St George's and Kingston University
From next month, 187 medical students, 35 biomedical science students, 40 physiotherapists, 40 diagnostic radiographers, 12 therapeutic radiographers and 30 nurses will study together for a term on a common foundation programme run by St George's and Kingston University. (For logistical reasons, the programme does not include the nursing students starting diploma courses.) The 344 students on the programme will learn basic anatomy via problem-based learning and teamwork.
St George's also runs special study modules that bring together different professions to look at topics such as vaccinations.
"The push towards multiprofessional education has come from the top," said Michael Pittilo, dean of the faculty of health and social care sciences. "The evidence base to show that it produces good doctors and nurses is thin. It will be a decade before we know if the changes put in place, including the new model of nurse education, have been successful."
None the less, the medical school is committed to the approach. Frank Hay, who runs the common foundation programme, said: "Students and staff enjoy it enormously. I think staff find it very liberating. We do want to carry out some research into its effectiveness."
Kath Start, deputy dean of the faculty, said: "The borderlines between the different professions have been too rigid for a long time."
Leeds and Bradford universities
The universities of Leeds and Bradford hope, under the plans for 1,000 more medical places, to be able to run an access course for medicine.
"The course, while largely for medics, will have places for those hoping to go into other professions," said Colin Mellors, senior pro vice-chancellor at Bradford. "It will be multiprofessional, with mutiple exit pathways."
David Cottrell, director of learning and teaching at the school of health in Leeds, said: "We intend to ring-fence about 20 places for students from this access course."
Some will enter year one of a medical degree, others will go into year two.
At Southampton, medics, nurses, midwives, occupationa therapists, physiotherapists and podiatrists are all taught in one faculty. As at St George's and Kingston, the students study together for certain parts of their courses.
Dame Jill Macleod Clark, professor of nursing at Southampton's faculty of medicine and health, said: "This could be described as a piecemeal approach - it is one we want to move on from."

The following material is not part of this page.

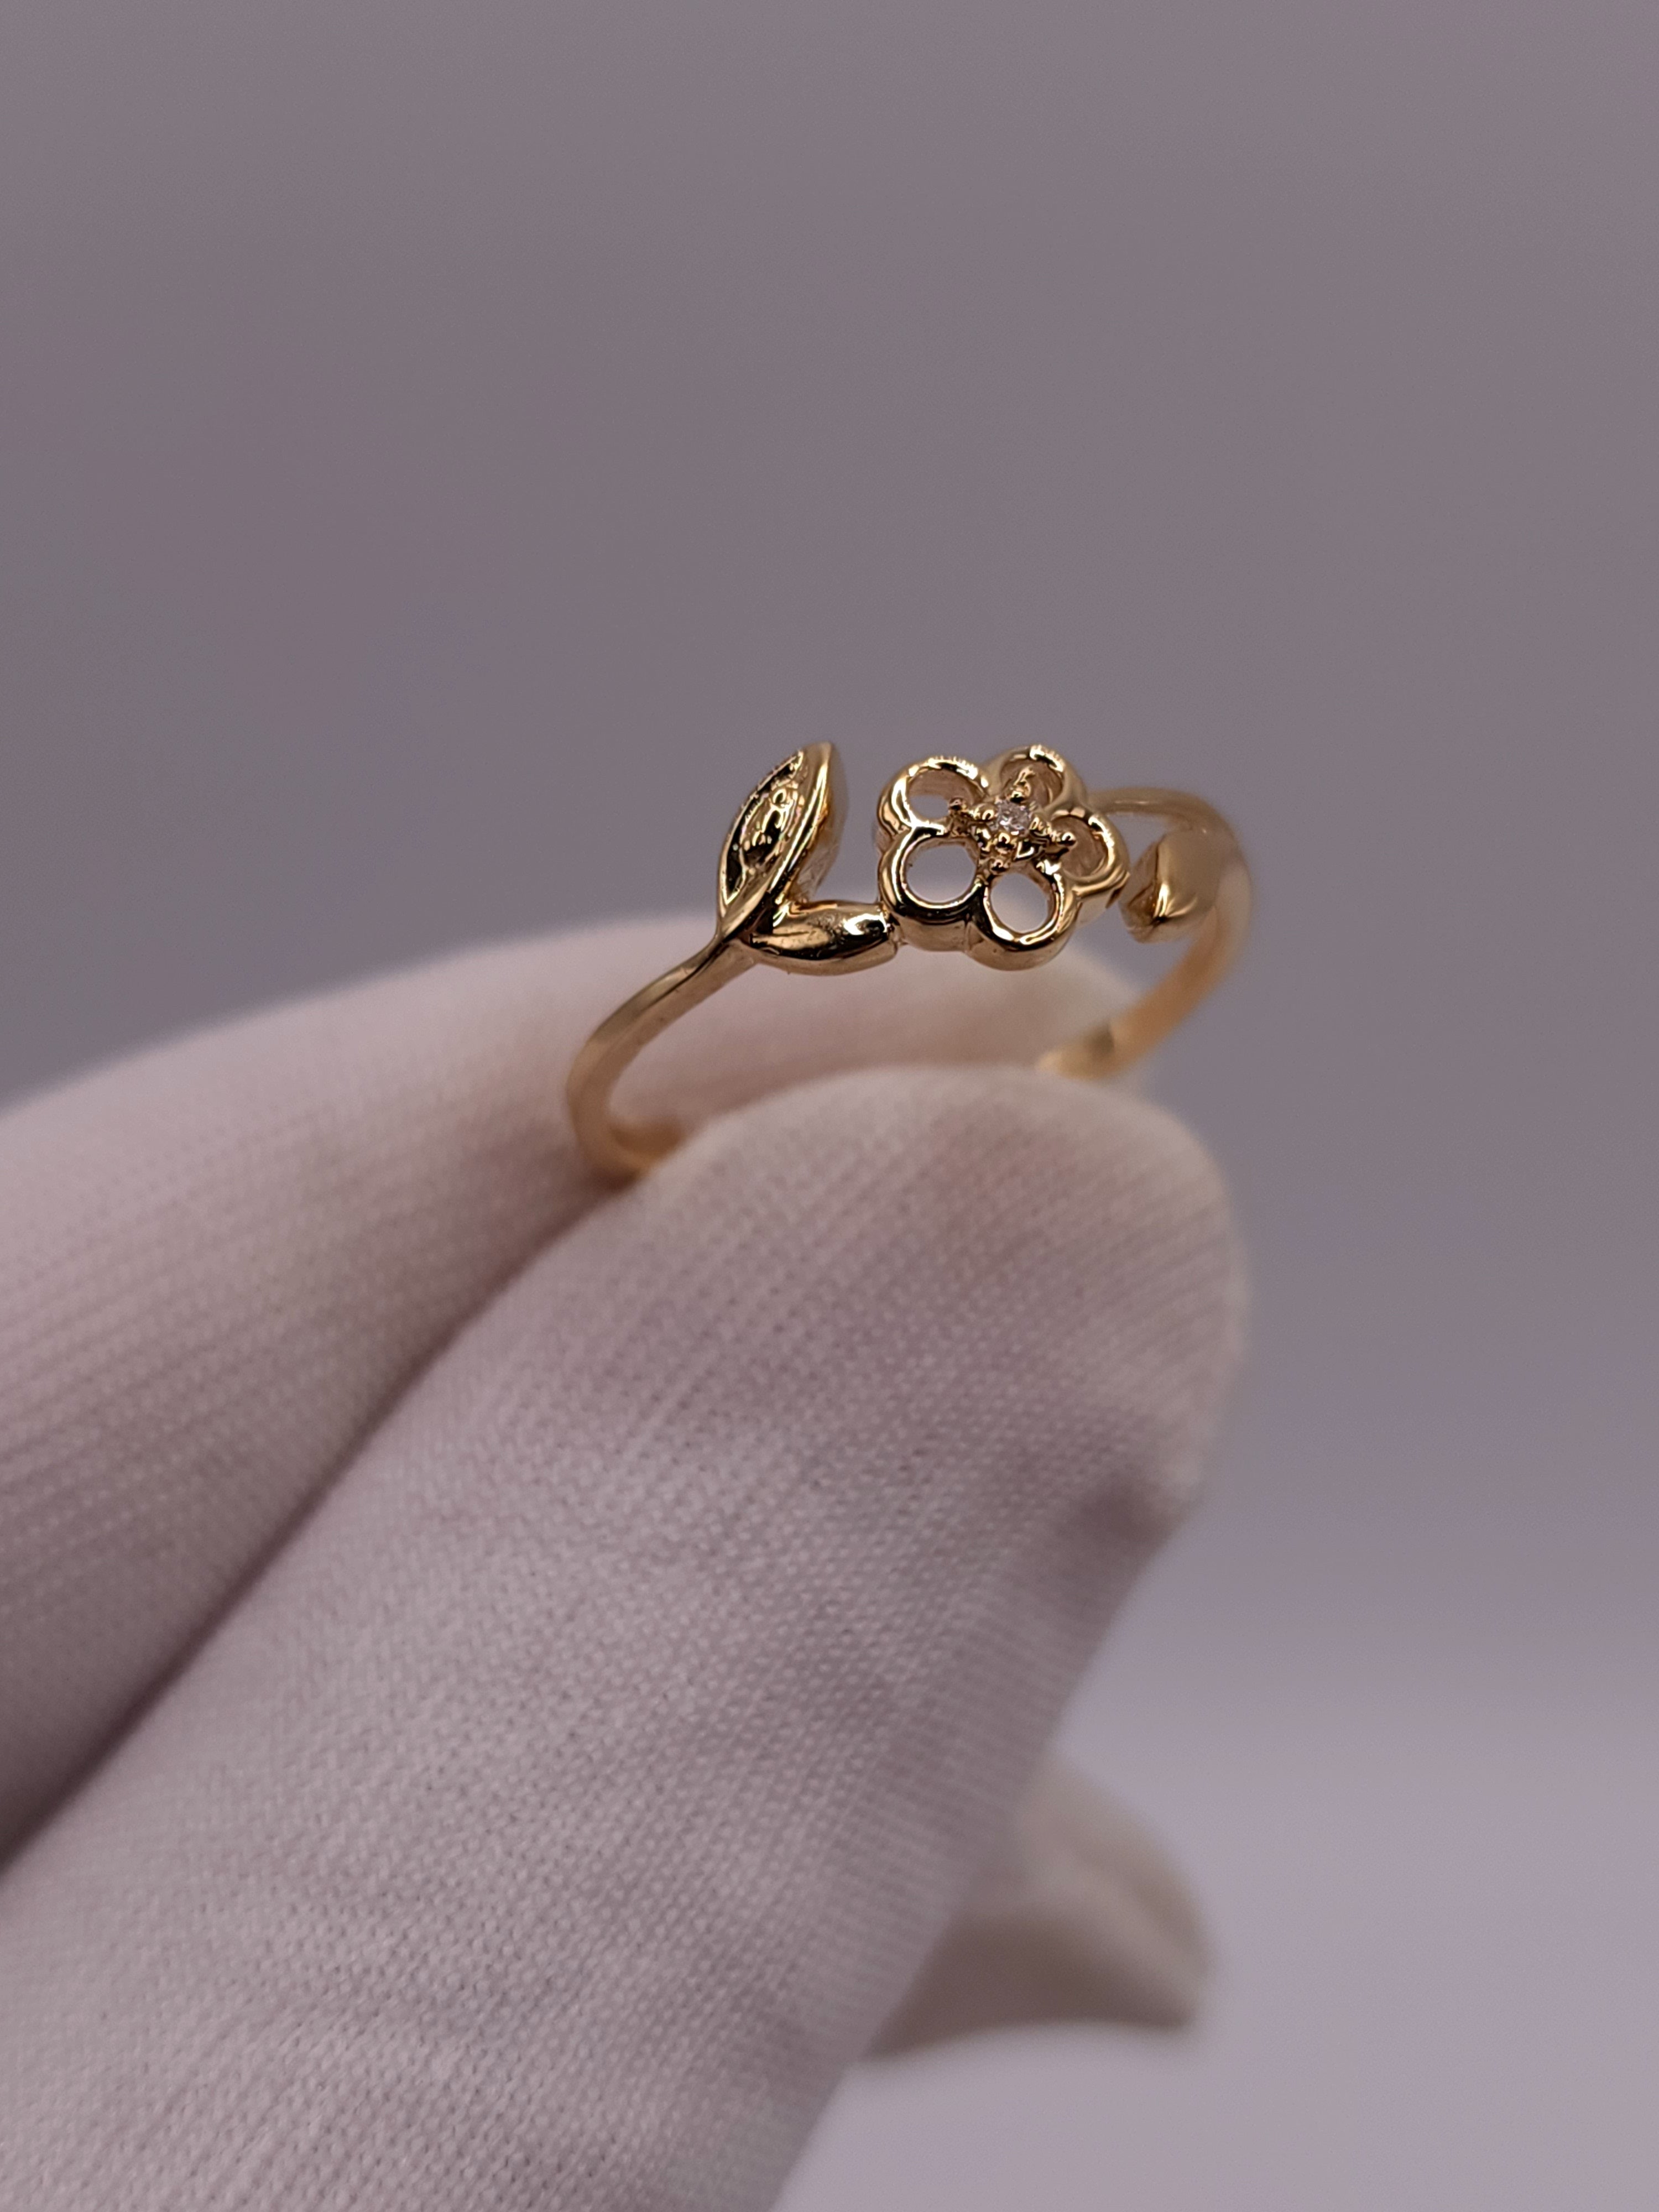 14Kt Gold Genuine Natural Diamond Flower Design Ring

The faculty has just advertised for staff to join its "new generation" project. "The idea is to build a modular programme with common modules across different professional groups. Communication skills is an obvious one. We want to take a fresh look at competences and outcomes, look at what the different professions actually do and build on it.
"There is a lot of commonality between the jobs of junior doctors and nurses - we need to take a fresh look at who is doing what."